#### Given material:
_ _ _
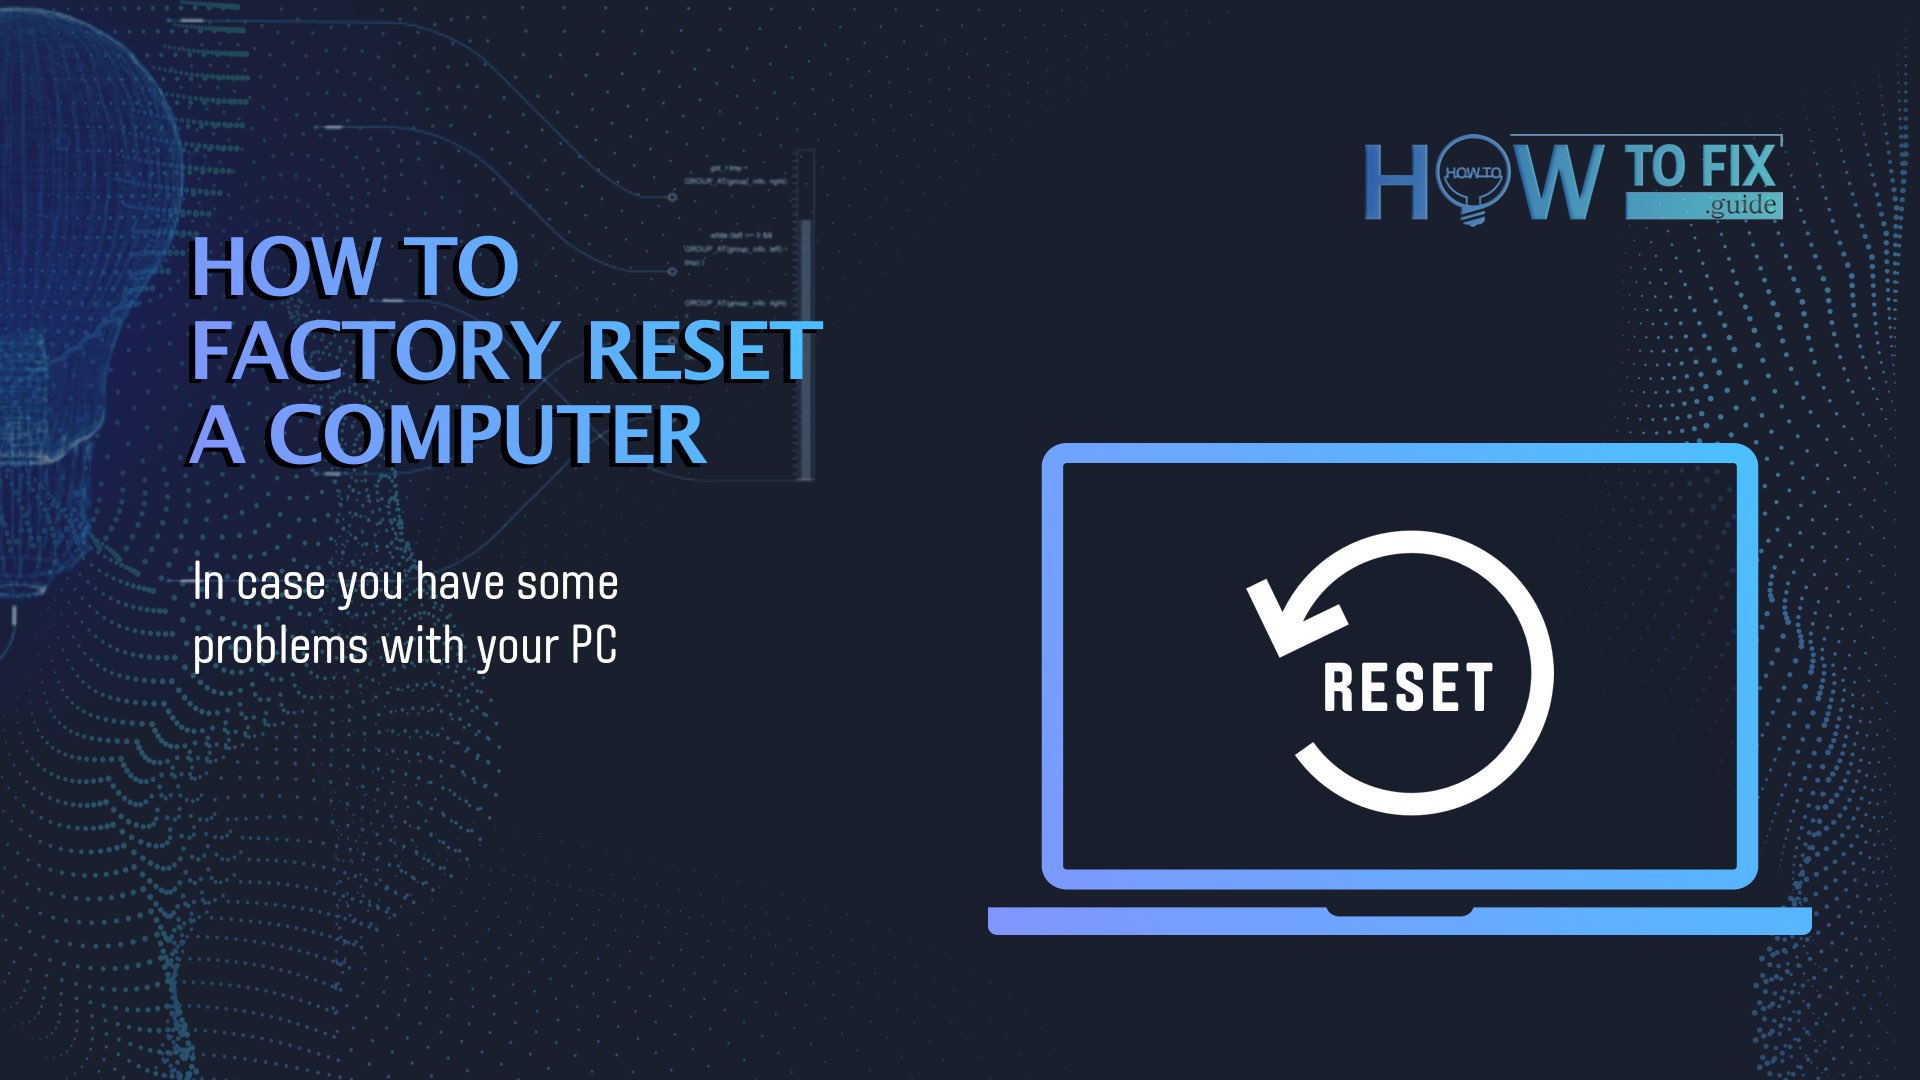 How to Factory Reset a Computer
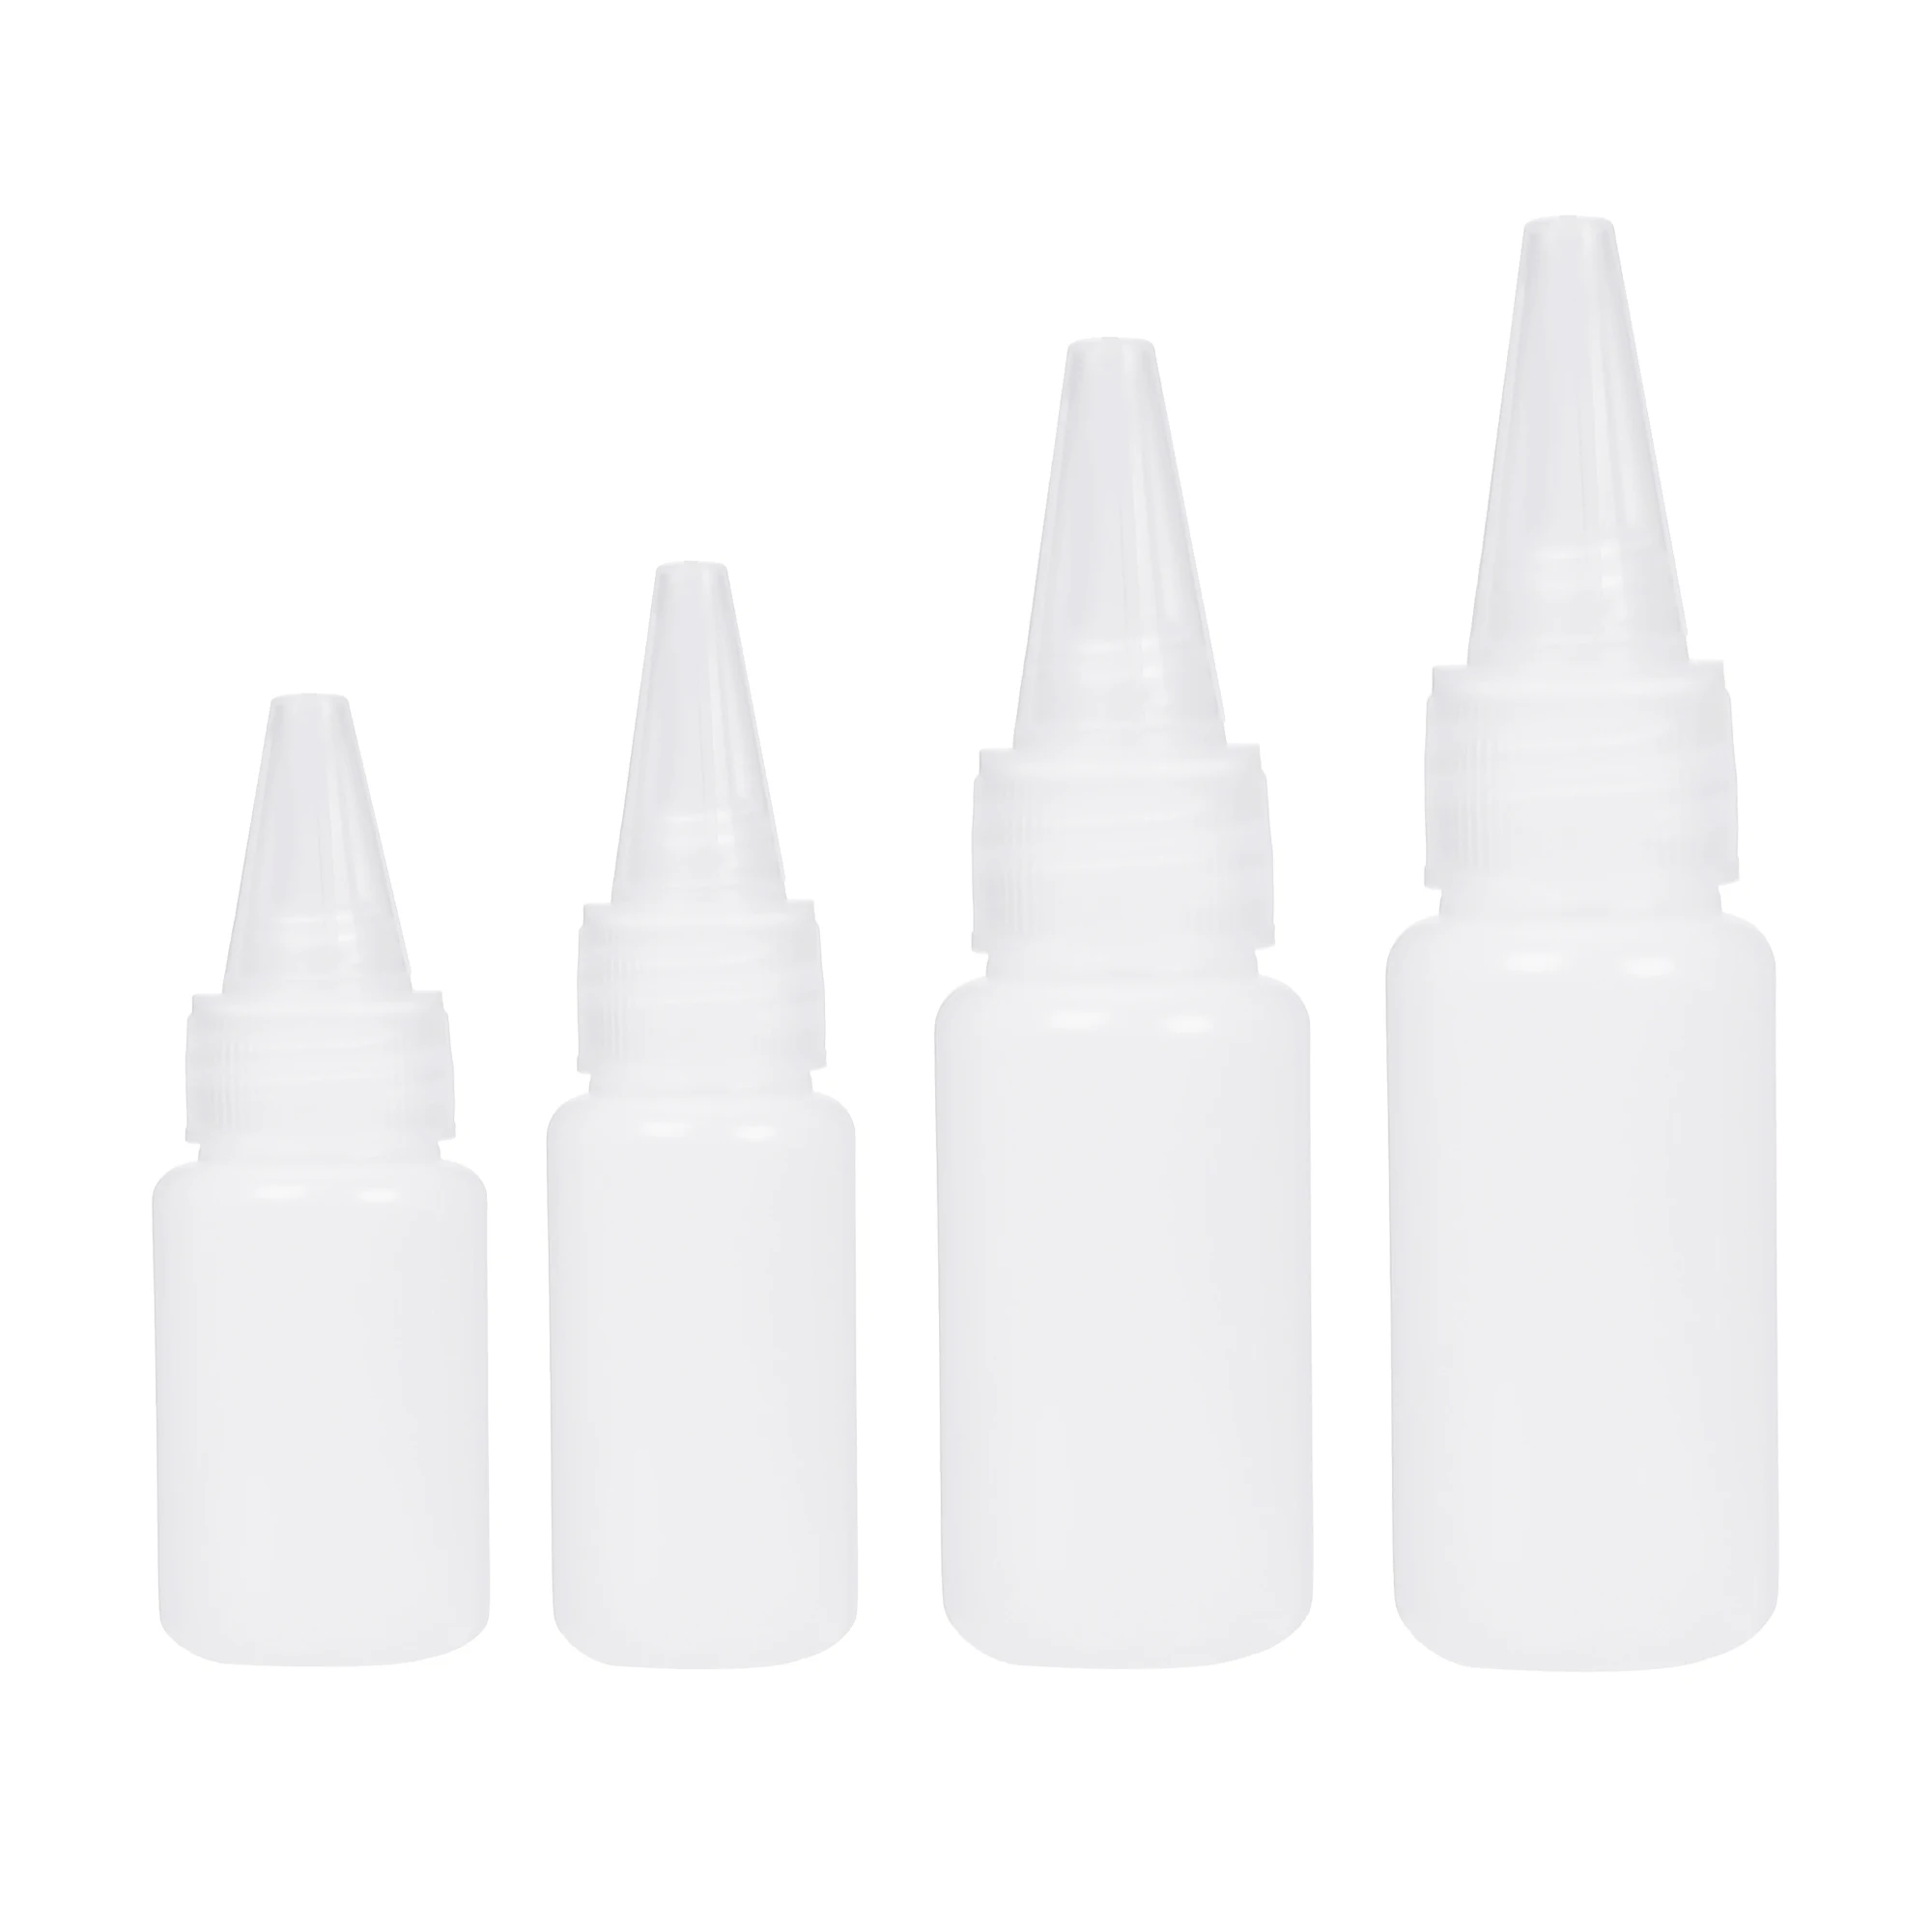 10PCS 10/20/30/50ML Empty PE Plastic Glue Bottles With Screw-on Lid Squeezable Liquid Ink Oil Dropper Bottles Cosmetic Container
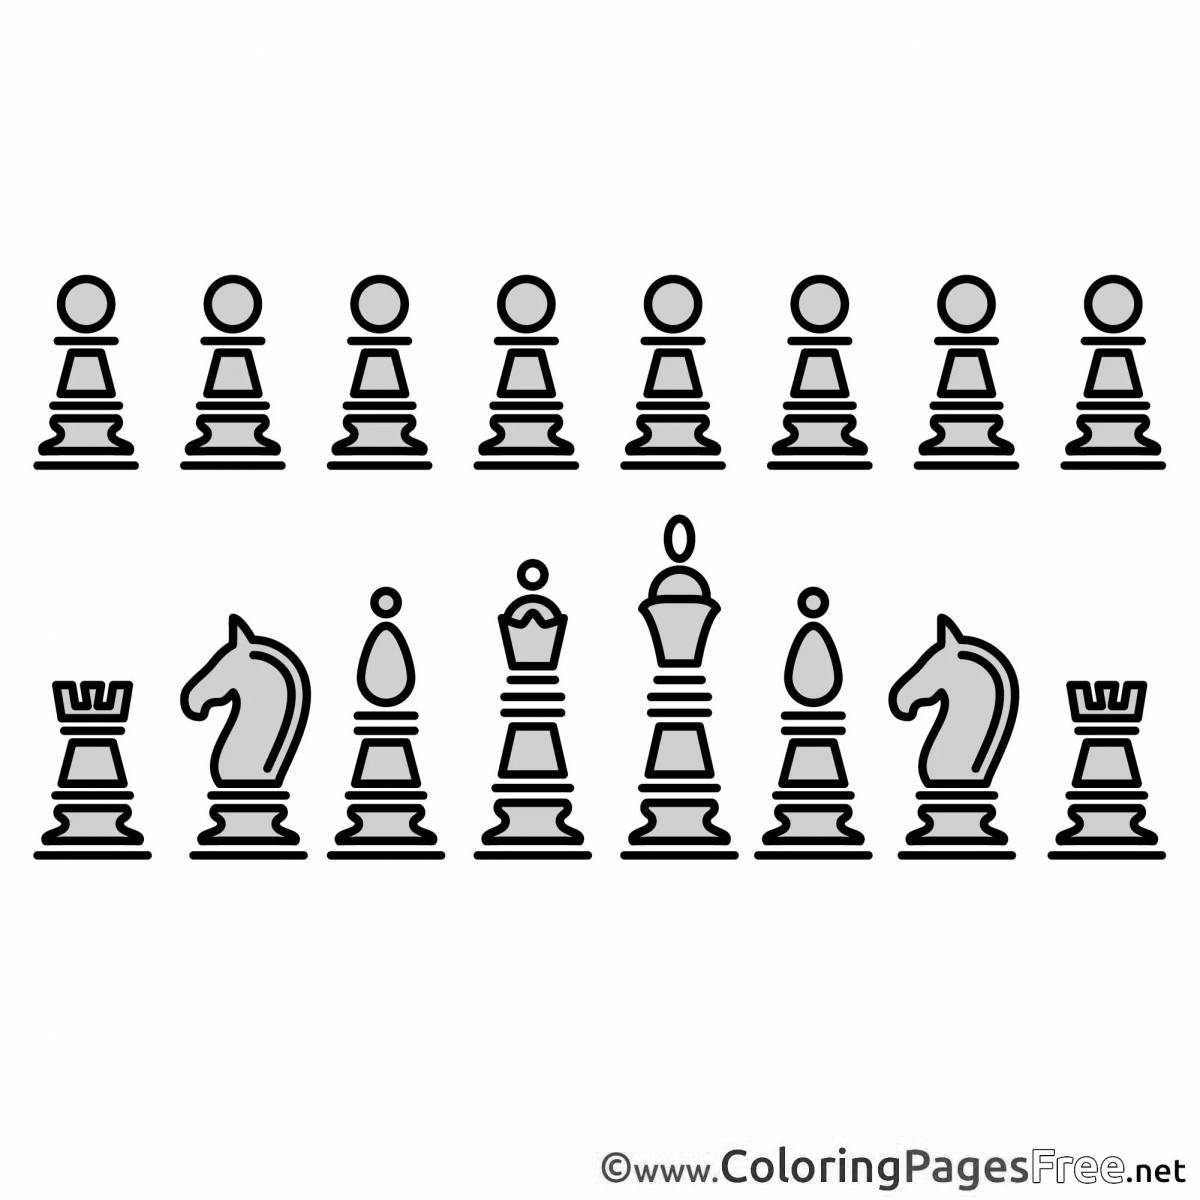 Coloring bright chess pieces
_ _ _
Retype the material in full, exactly as written, and exclude the pictures.

 How to Factory Reset a Computer
 10PCS 10/20/30/50ML Empty PE Plastic Glue Bottles With Screw-on Lid Squeezable Liquid Ink Oil Dropper Bottles Cosmetic Container
 Coloring bright chess pieces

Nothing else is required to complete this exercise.